Write out the lines of the material below exactly, beginning at the line with "2007 Upper Deck" and stopping after the line with "Jessica Poole Sapphire", and leave out the pictures.

* Dataset entries *
----
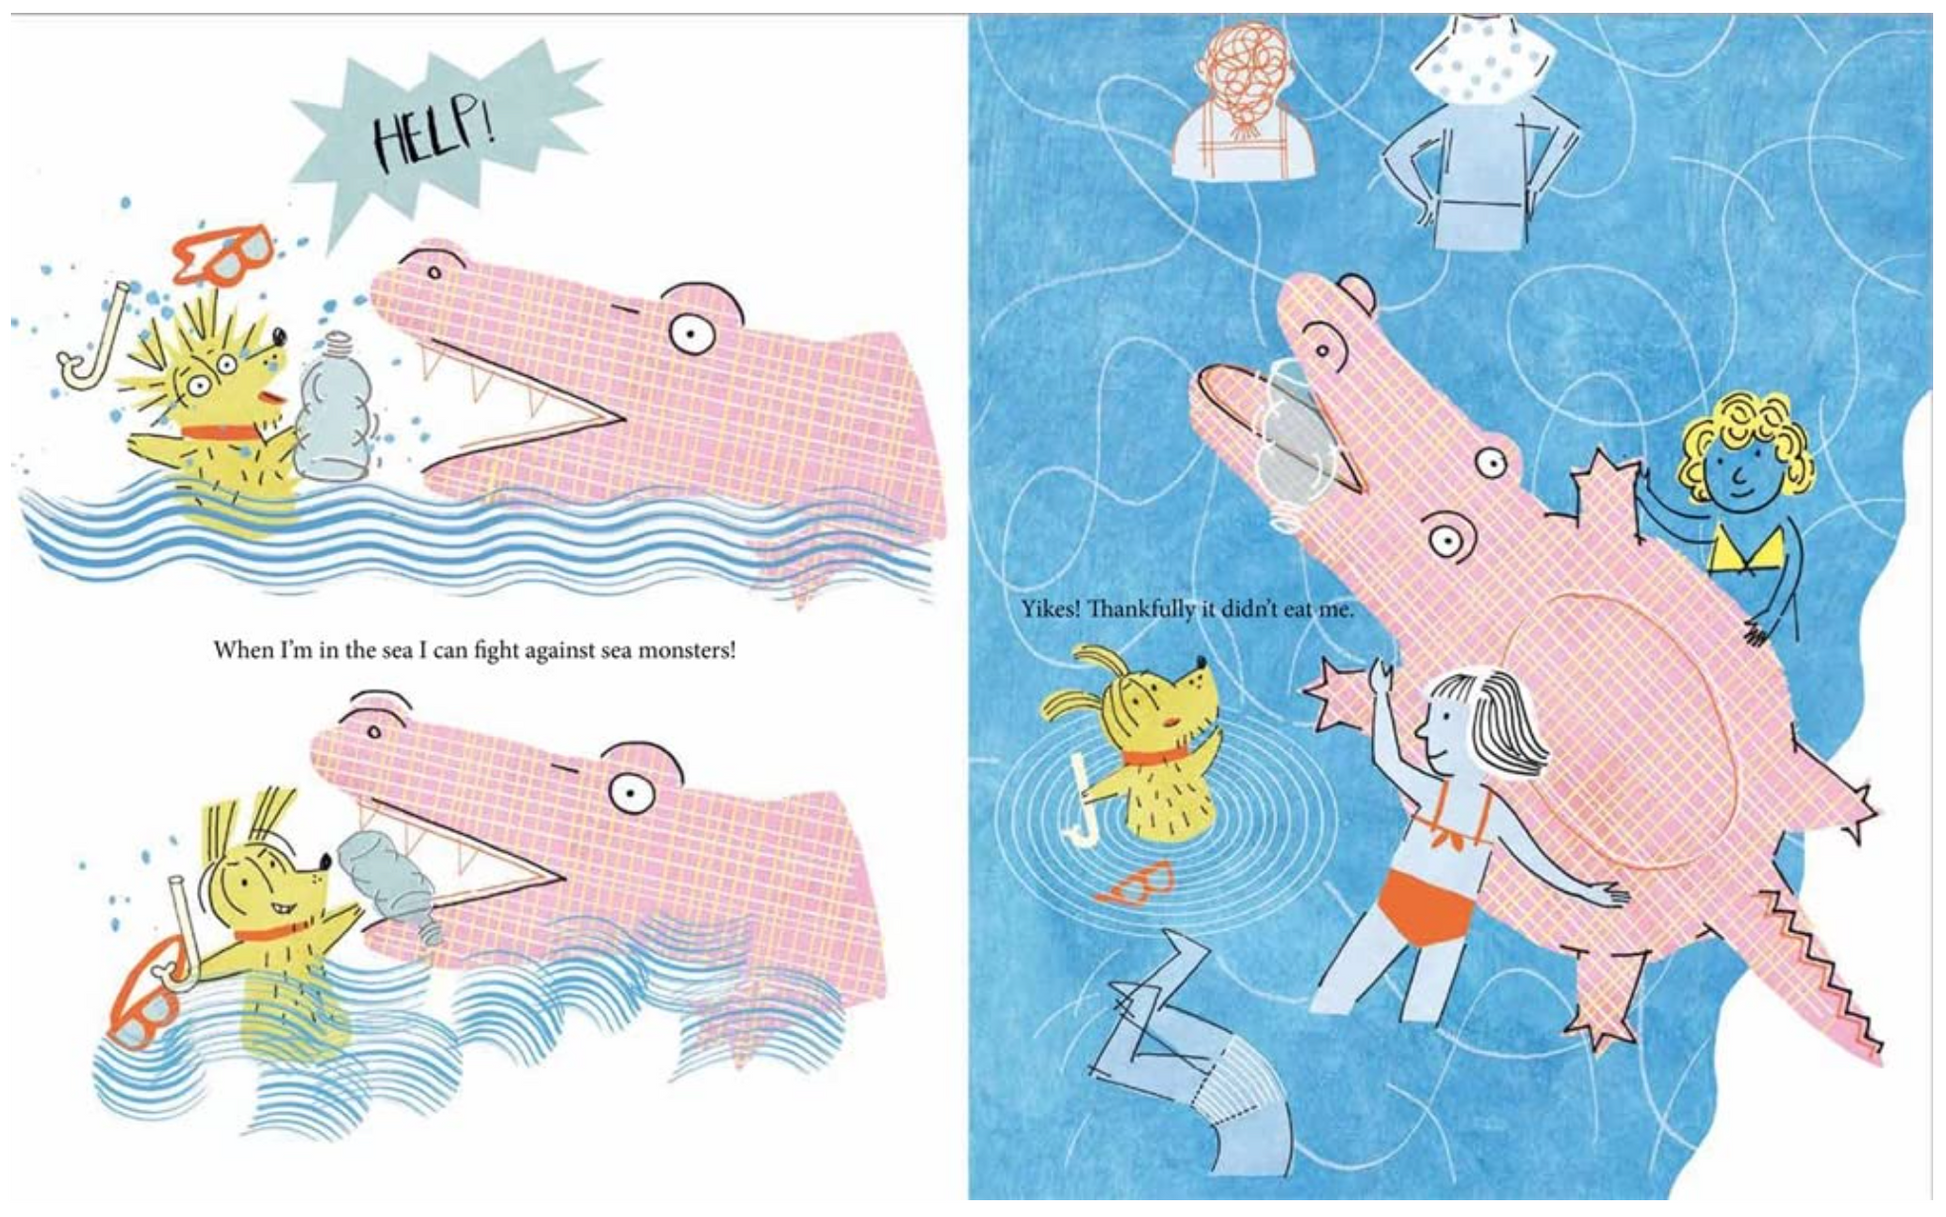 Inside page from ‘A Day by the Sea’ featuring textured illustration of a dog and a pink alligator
----
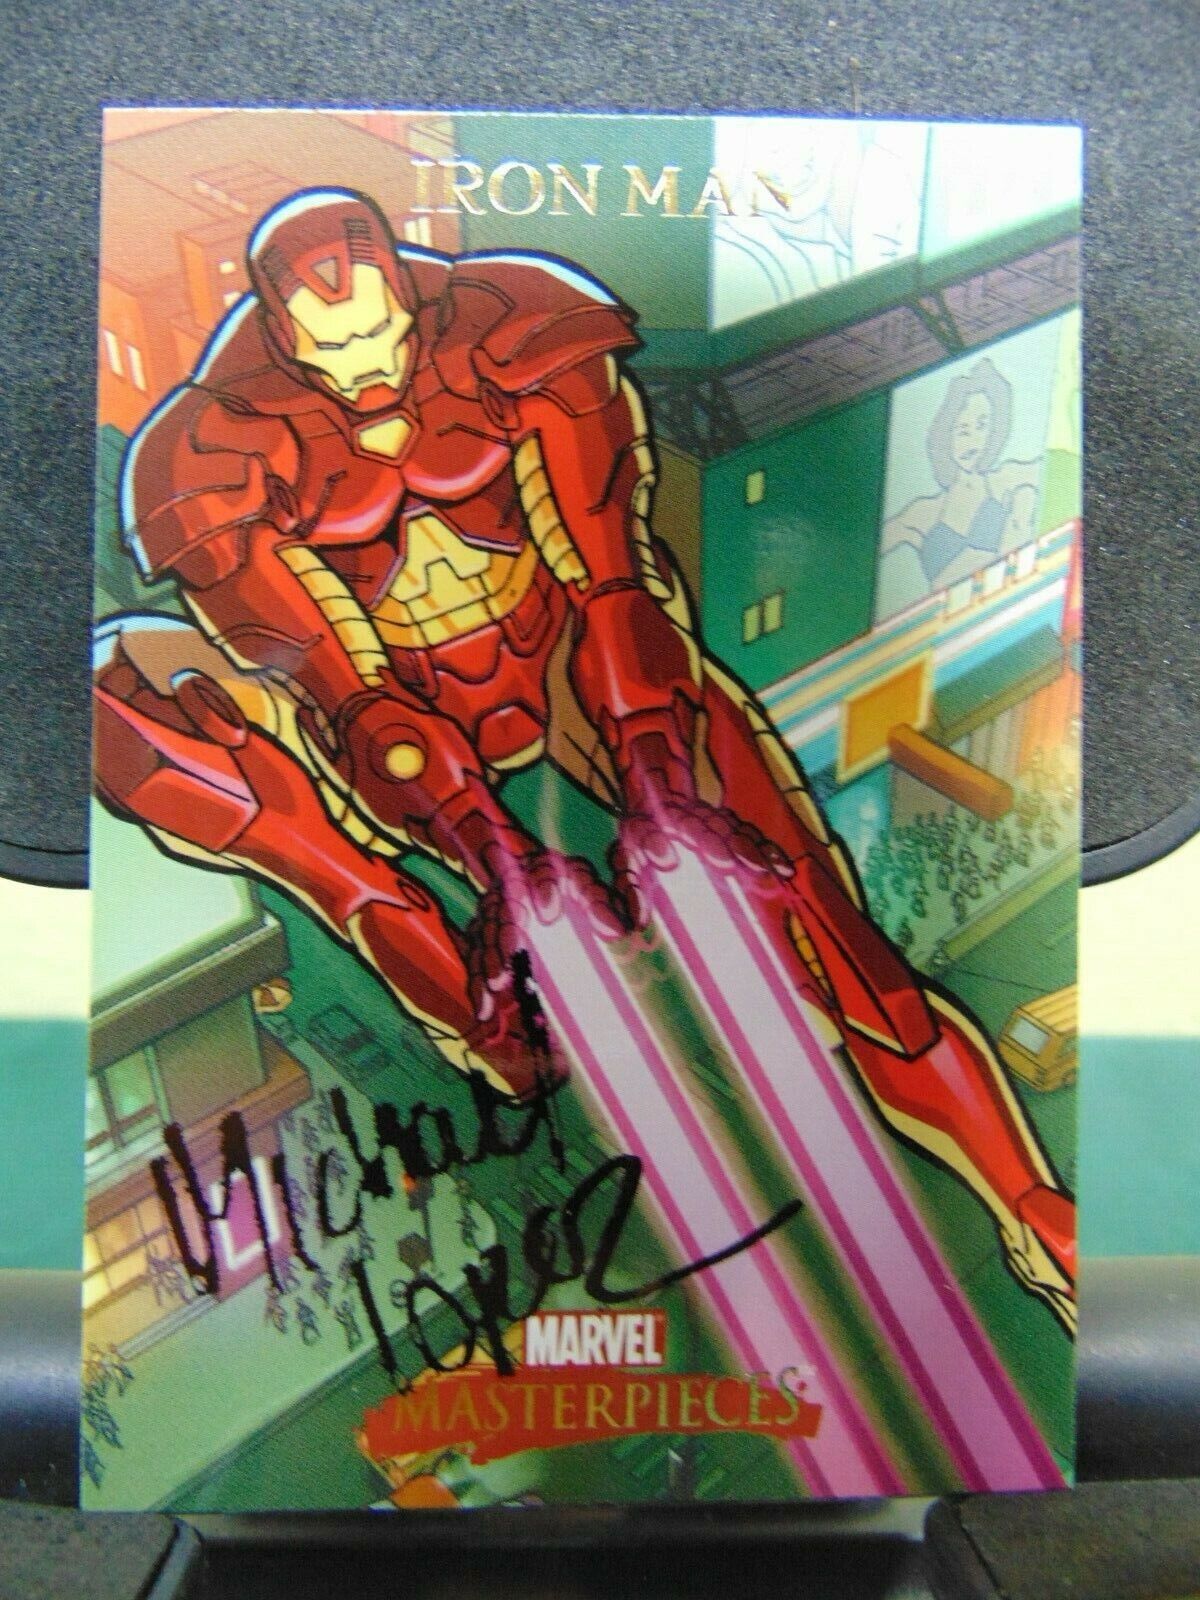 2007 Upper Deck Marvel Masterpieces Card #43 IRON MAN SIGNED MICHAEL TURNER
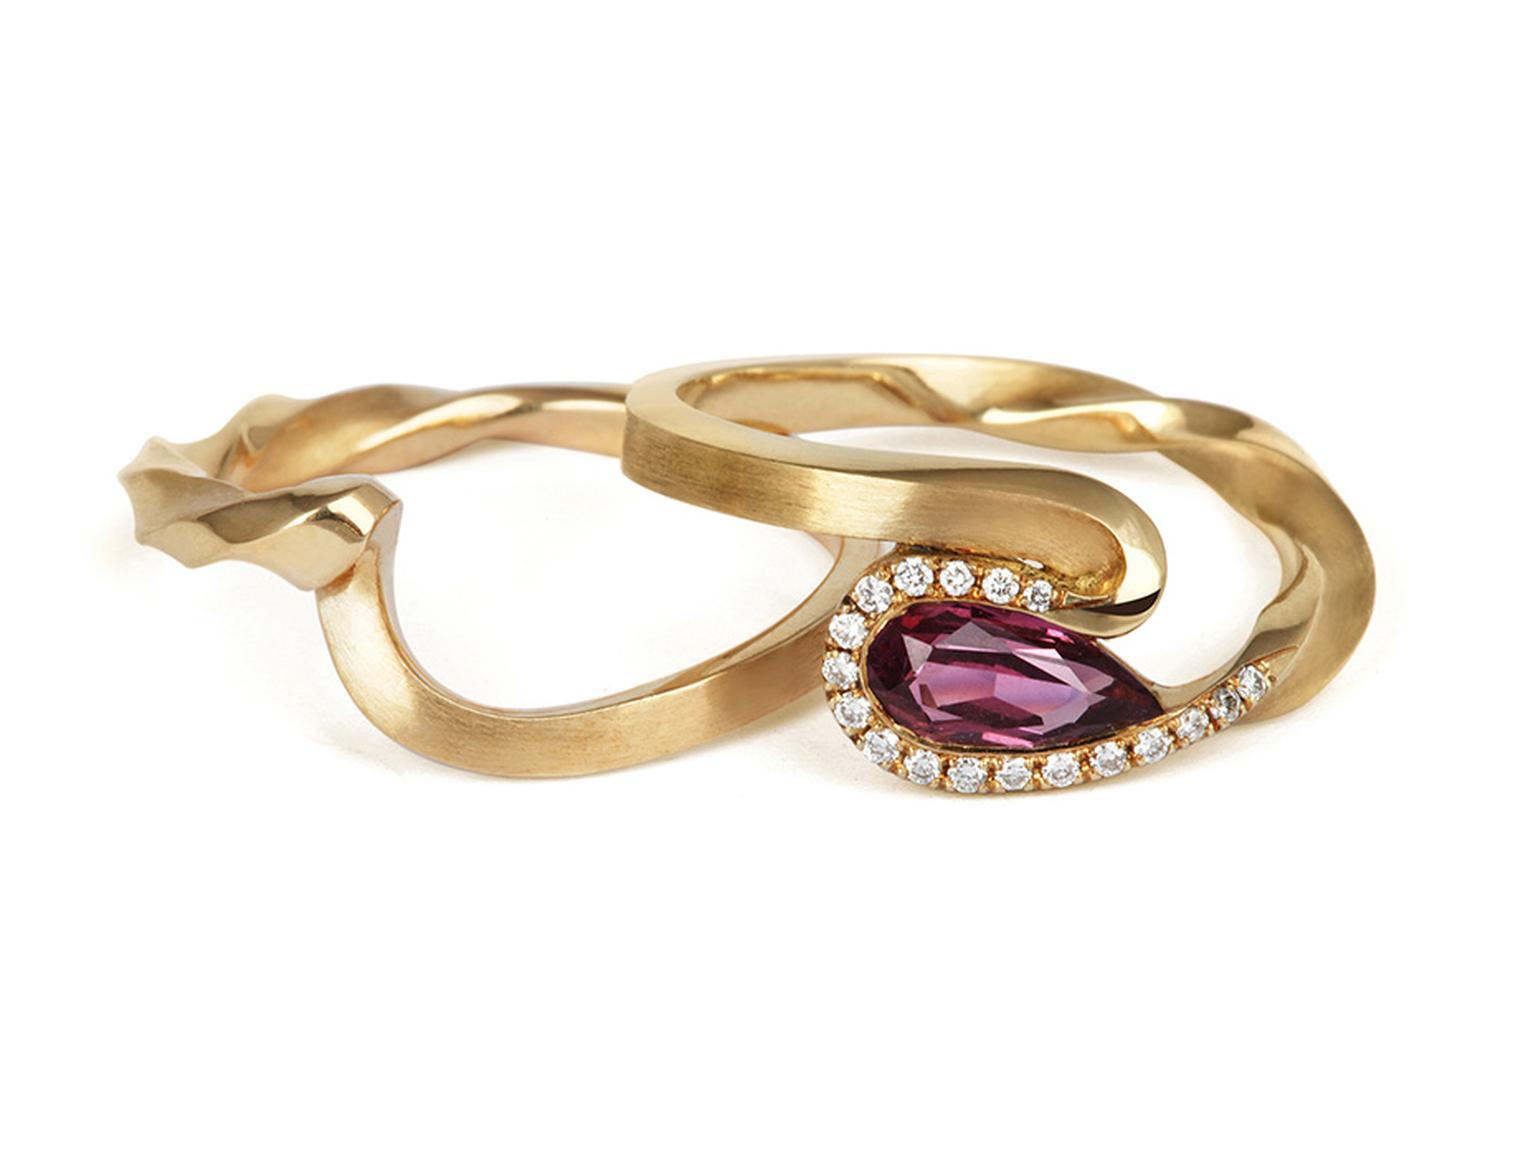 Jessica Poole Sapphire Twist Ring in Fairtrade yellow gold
----
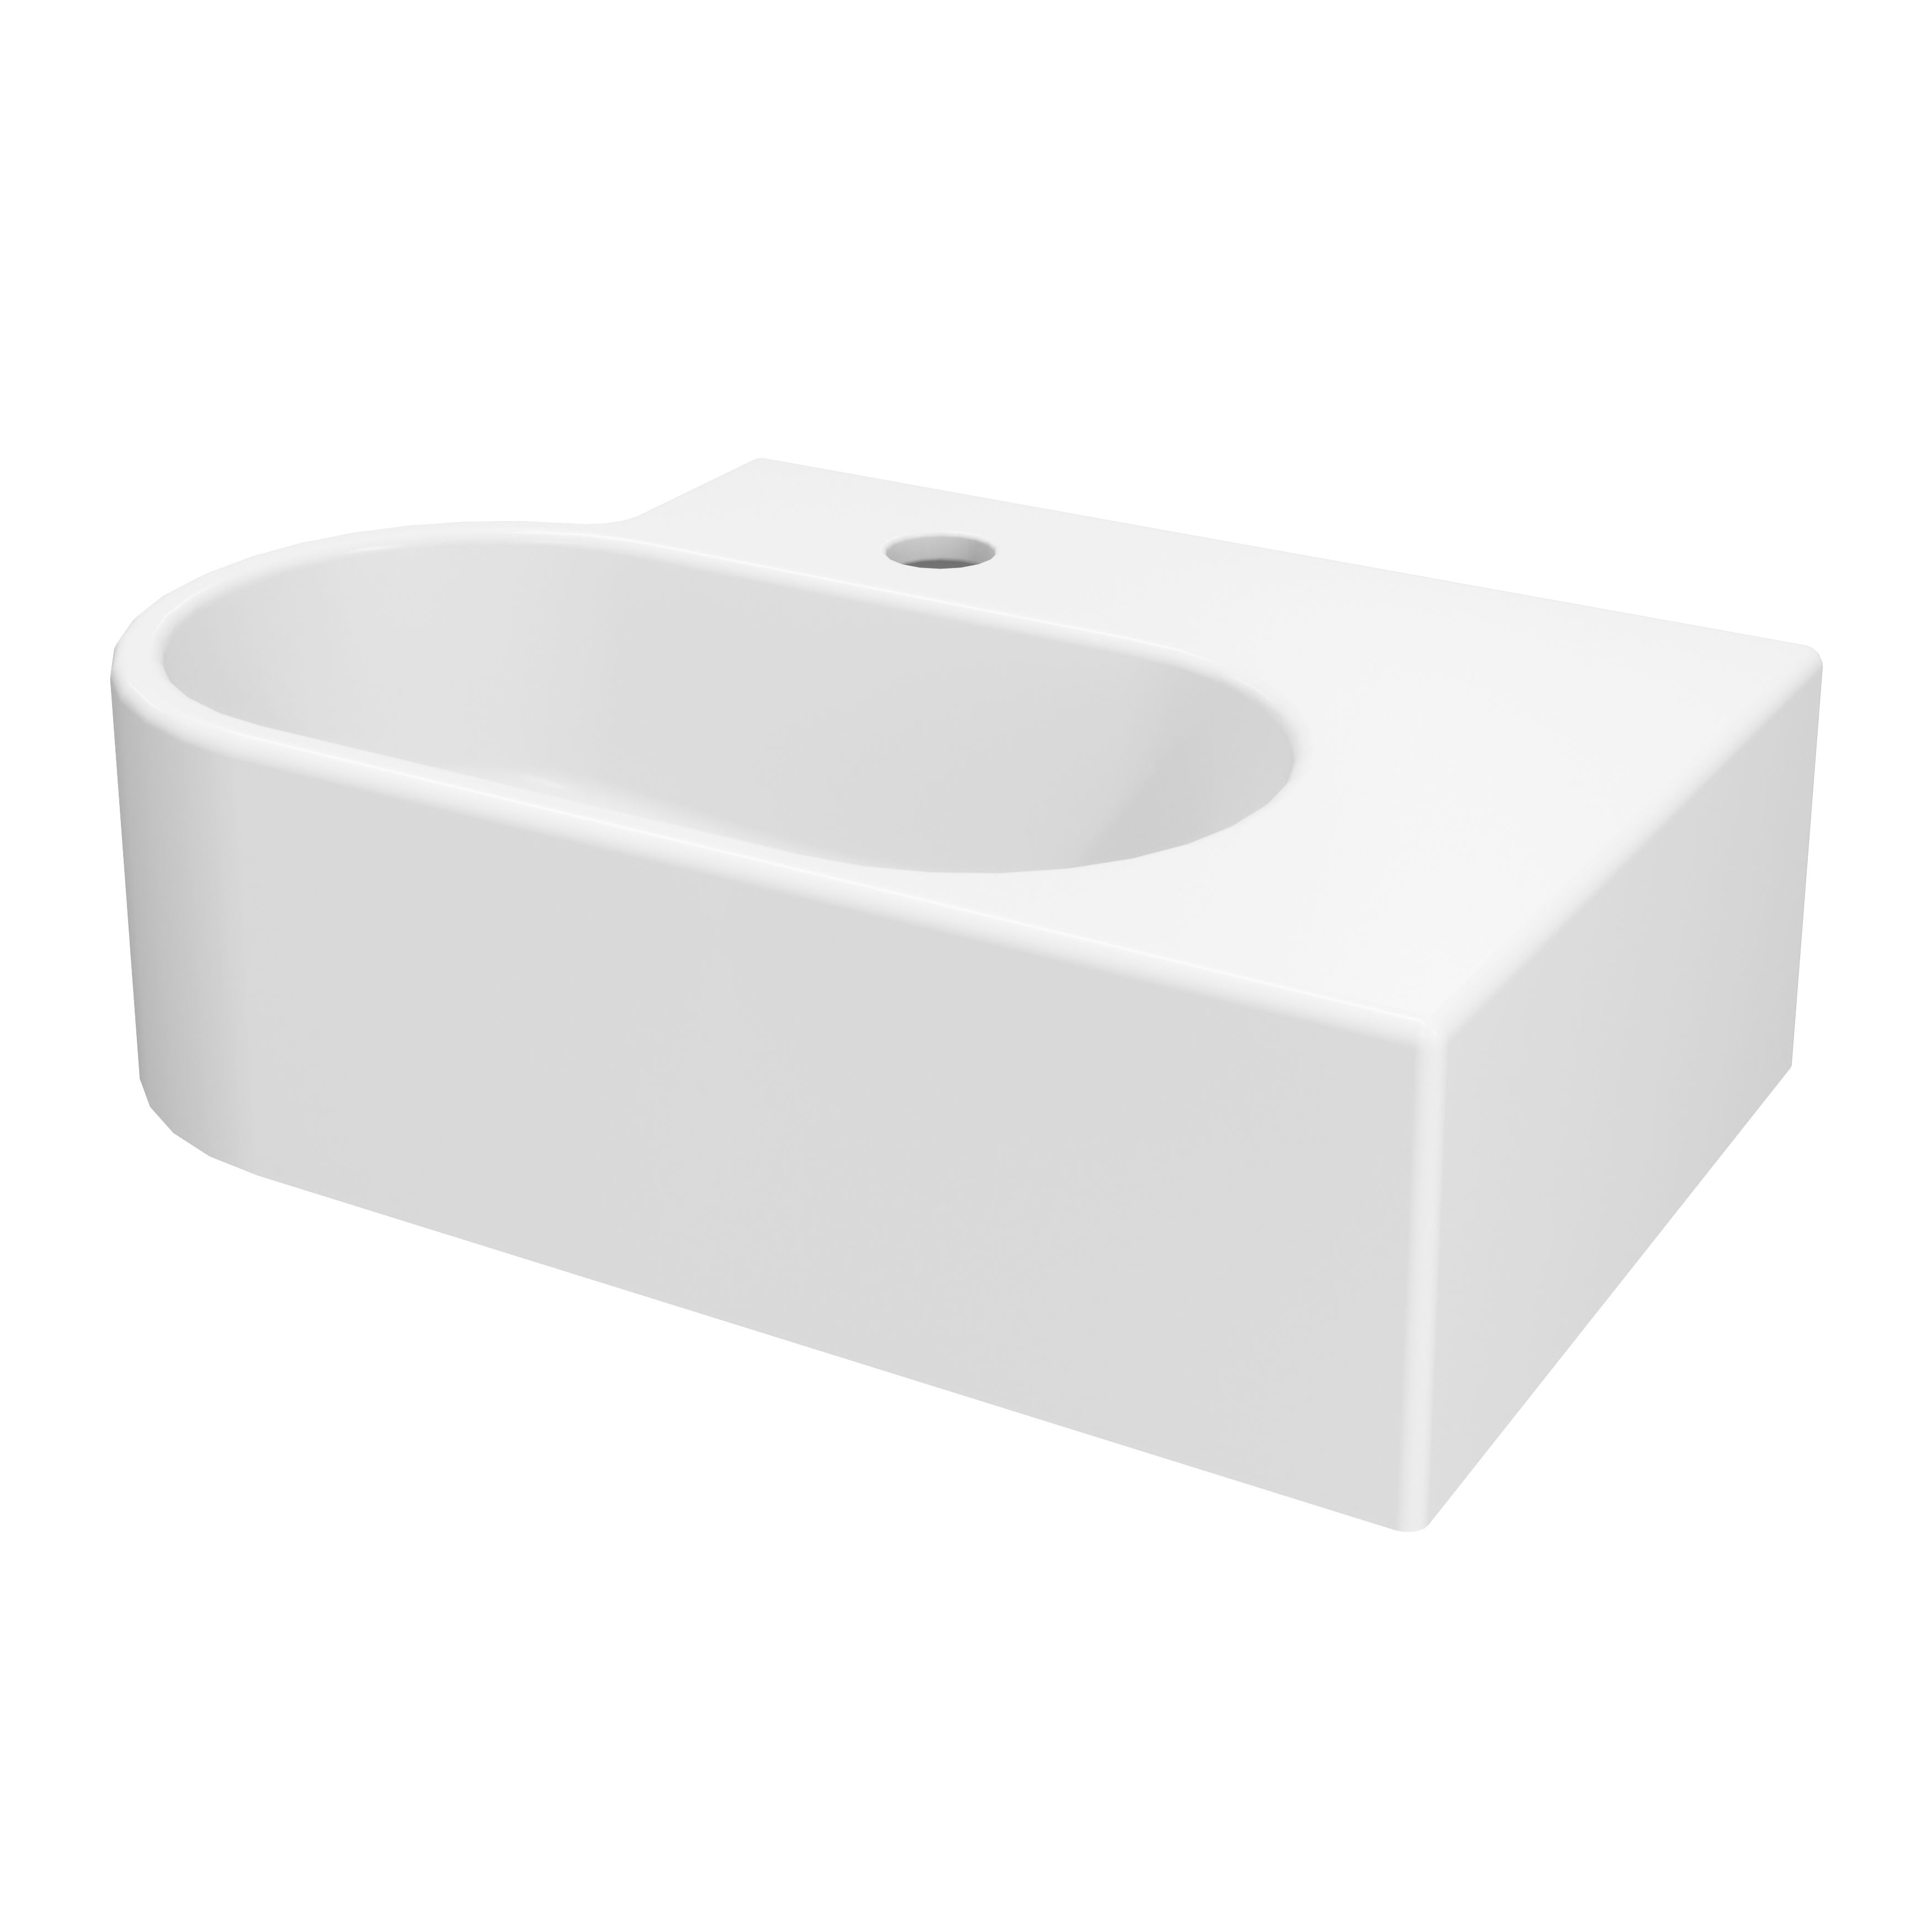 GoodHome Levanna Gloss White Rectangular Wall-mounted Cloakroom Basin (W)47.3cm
----
* Written answer *
 2007 Upper Deck Marvel Masterpieces Card #43 IRON MAN SIGNED MICHAEL TURNER
 Jessica Poole Sapphire Twist Ring in Fairtrade yellow gold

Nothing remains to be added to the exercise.